• _TASK PROMPT_
Output, exactly and in full, only the lines from the one containing "bergers et leur" to the last line of the data. Pictures should not appear.

• _DATASET SECTION_

#####

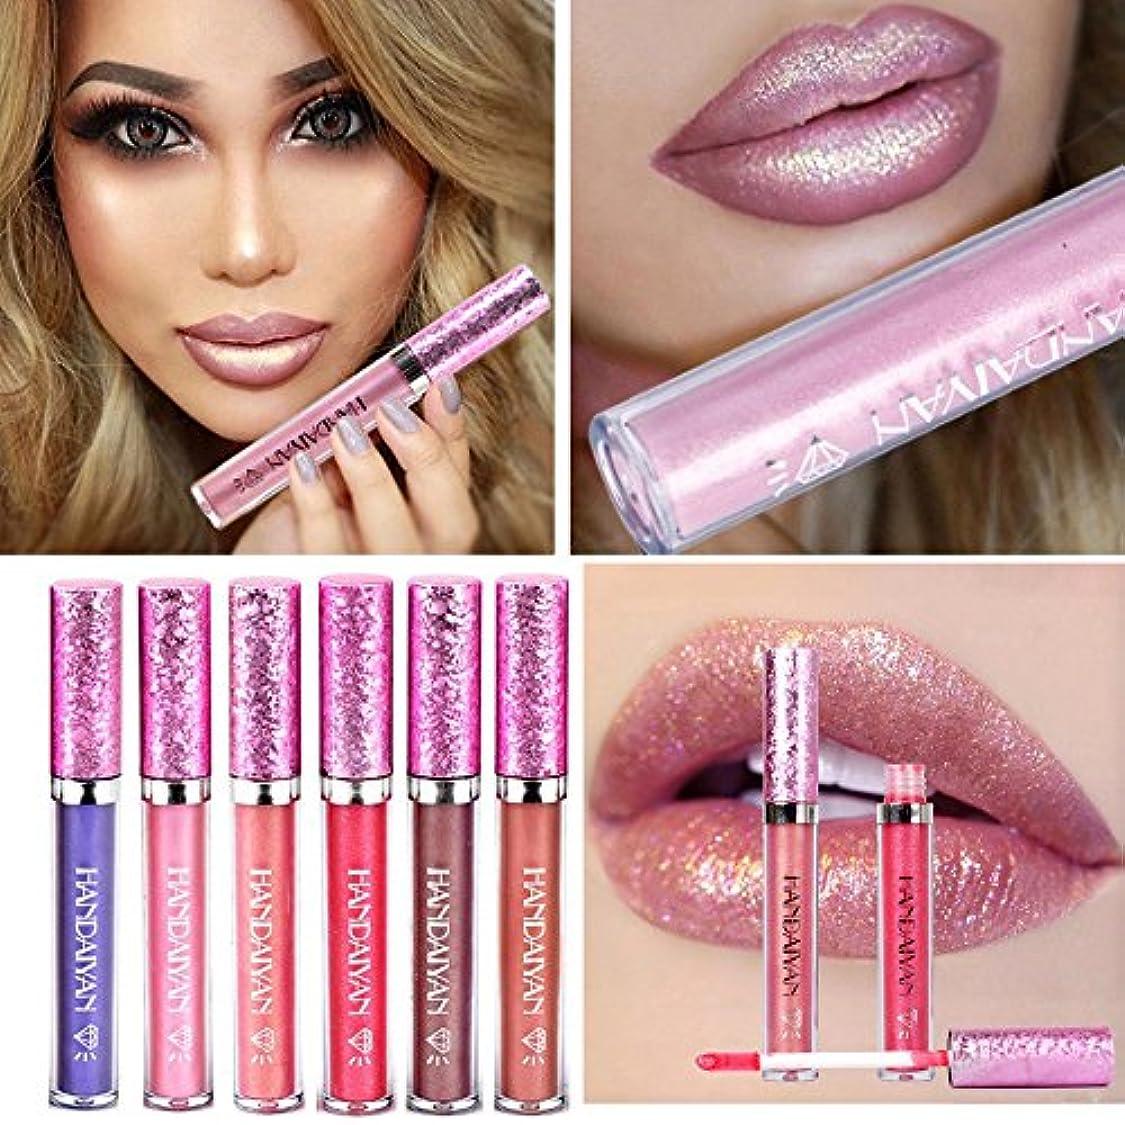 リンク速度曇ったHANDAIYAN Liquid Pearly Glitter Lipsticks Set - 6 pcs Long Lasting Nonstick Lip Gloss Mermaid Waterproof Lipstick Pen
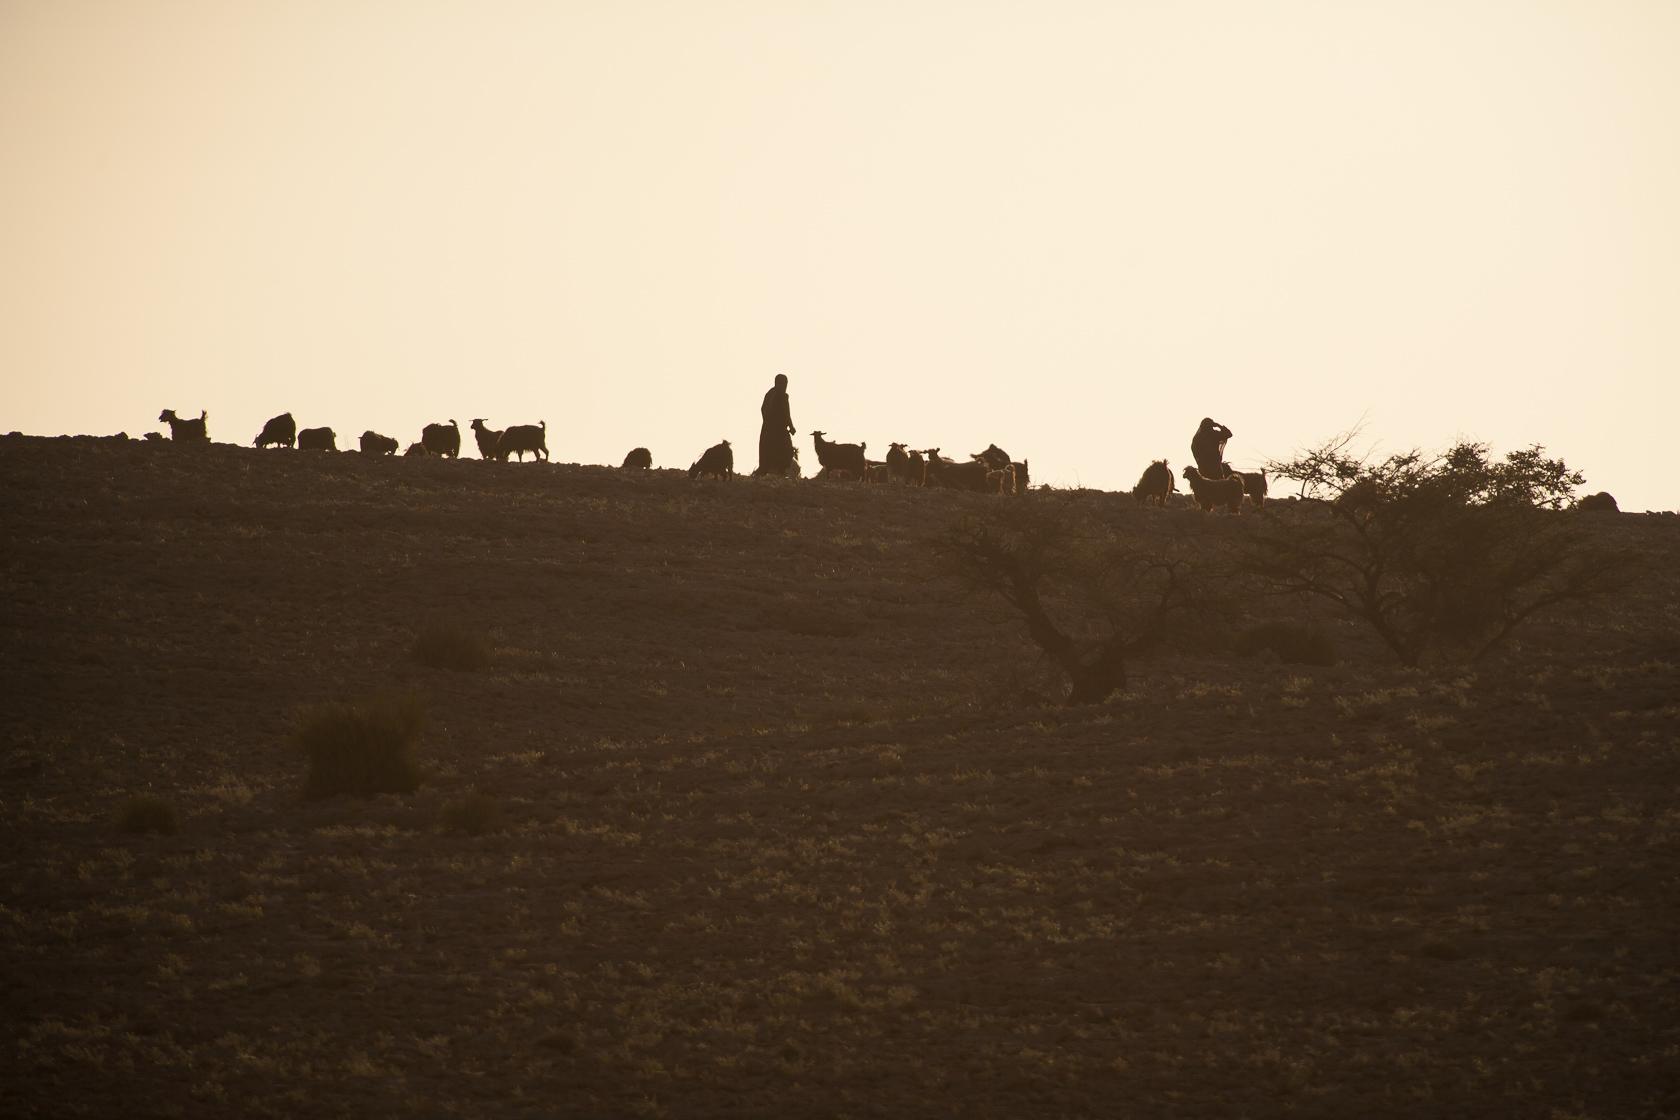 bergers et leur troupeau de chèvres sur le Salmah Plateau à Oman
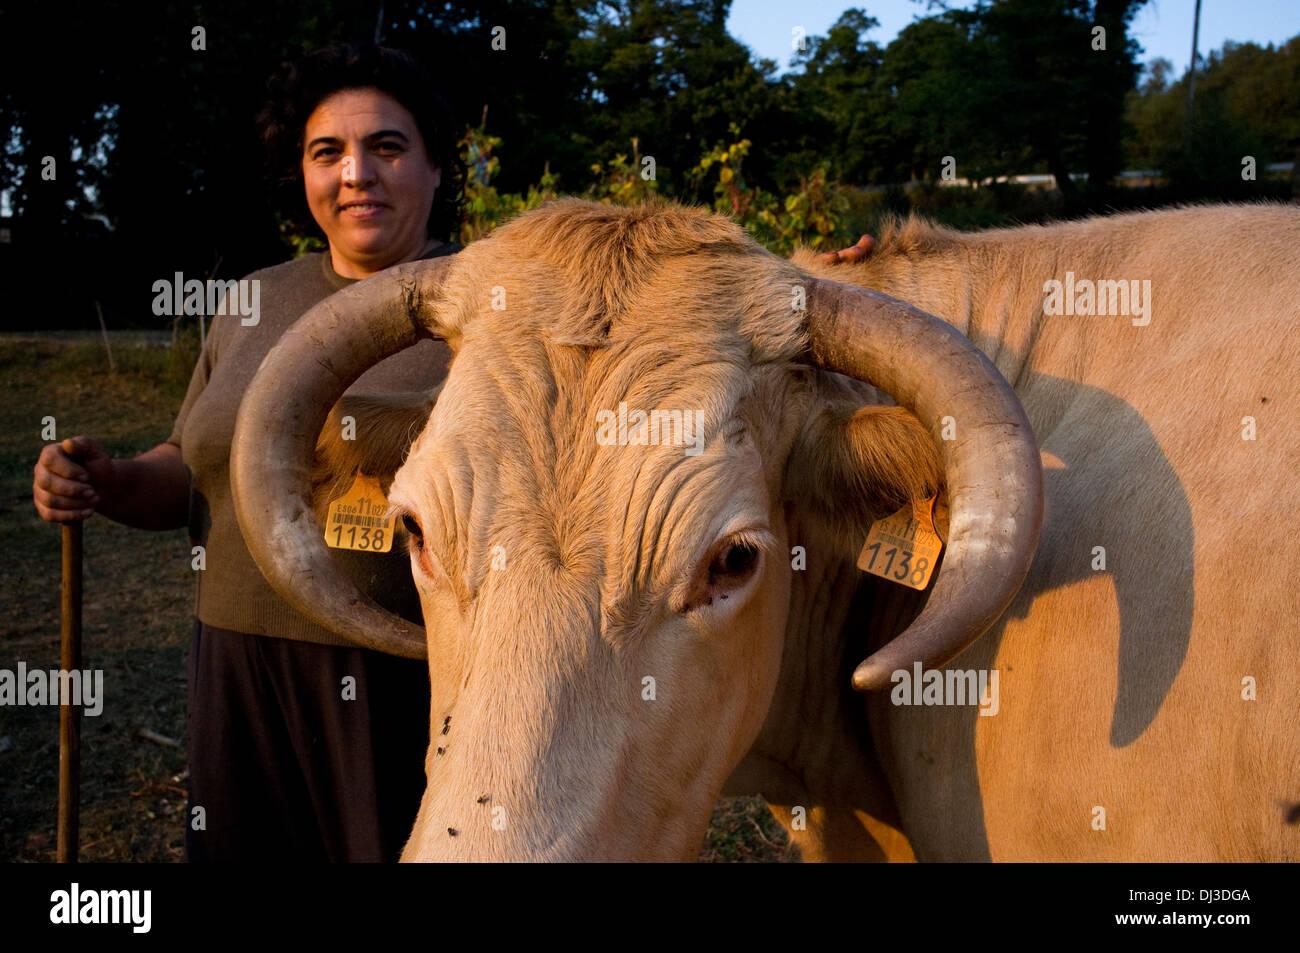 Las vacas en Galicia, España. La vaca granja gallega española Foto de stock

#####

• _ANSWER SECTION_
 bergers et leur troupeau de chèvres sur le Salmah Plateau à Oman
 Las vacas en Galicia, España. La vaca granja gallega española Foto de stock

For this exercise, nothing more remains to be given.